Gartner defines a strategic technology as having the potential for significant impact on the enterprise -- within the next three years. Factors for significant impact include a high potential for disruption to IT or the business, the need for a major financial investment, or the risk of being late to adopt.
The technologies were chosen because they could affect an organization's long-term plans, programs and initiatives. They are deemed strategic because they’ve matured to broad market use, or because they enable strategic advantage from early adoption.
Gartner's top 10 strategic technologies for 2009 include:
Virtualization; Cloud Computing; Servers (beyond blades); Web-Oriented Architectures; Enterprise Mash-ups; Specialized Systems; Social Software and Social Networking; Unified Communications; Business Intelligence and Green IT.
As you consider each of these technologies in turn, and the associated applications within your own business environment, it would be wise to reconsider the notion that embracing a new technology always must equate to a financial investment in infrastructure.
In this context, is the purchase of an on-demand managed service an investment, or is it more accurate to characterize it as an expense? Let's consider the Gartner description of Cloud Computing, as an example.

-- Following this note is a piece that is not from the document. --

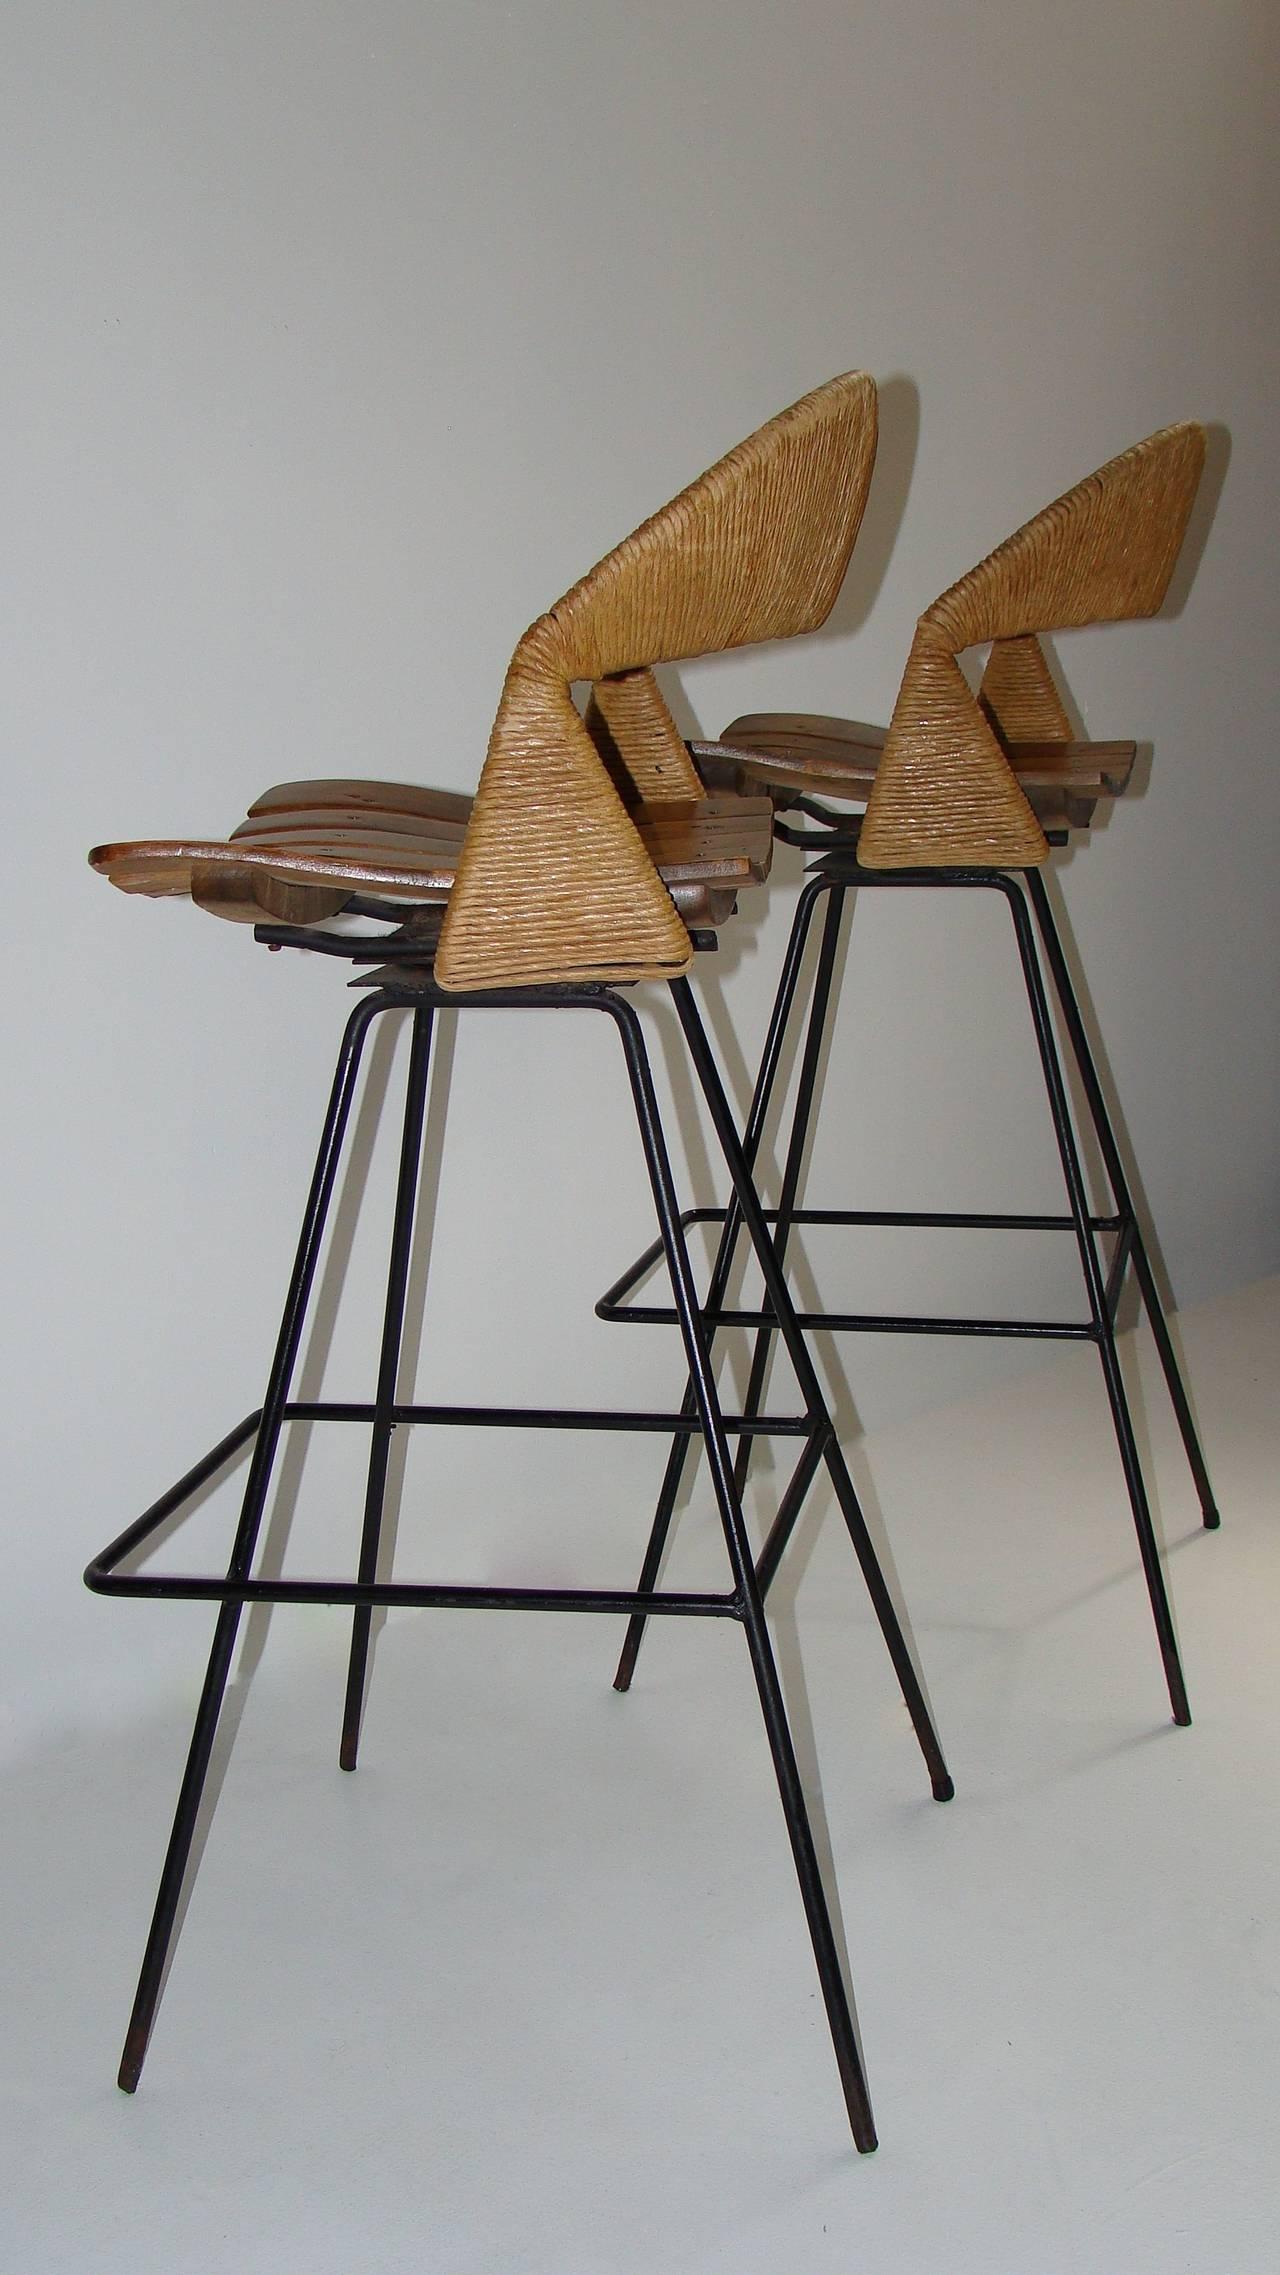 Pair Of Sculptural Bar Stools Designed By Arthur Umanoff

"Cloud computing is a style of computing that characterizes a model in which providers deliver a variety of IT-enabled capabilities to consumers. The key characteristics of cloud computing are 1) delivery of capabilities 'as a service,' 2) delivery of services in a highly scalable and elastic fashion, 3) using Internet technologies and techniques to develop and deliver the services, and 4) designing for delivery to external customers.According to Carl Claunch, vice president and distinguished analyst at Gartner, "Companies should evaluate these technologies and adjust based on their industry need, unique business needs, technology adoption model and other factors."
Although cost is a potential benefit for small companies, the biggest benefits are the built-in elasticity and scalability, which not only reduce barriers to entry, but also enable these companies to grow quickly. As certain IT functions are industrializing and becoming less customized, there are more possibilities for larger organizations to benefit from cloud computing."
Lowering the Barriers to Progress
Perhaps one of those other factors would be an candid assessment of what advantages are being gained by competitors who have already chosen to take action. Meaning, can you make a determination of the direct and indirect cost of your potential inaction?
Moreover, by utilizing a selective out-tasking model, it's now possible to minimize the financial impact on new technology pilots and full deployments, while at the same time creating the environment to maximize the strategic impact.
The perceived barriers that may inhibit you from taking action have essentially been lowered.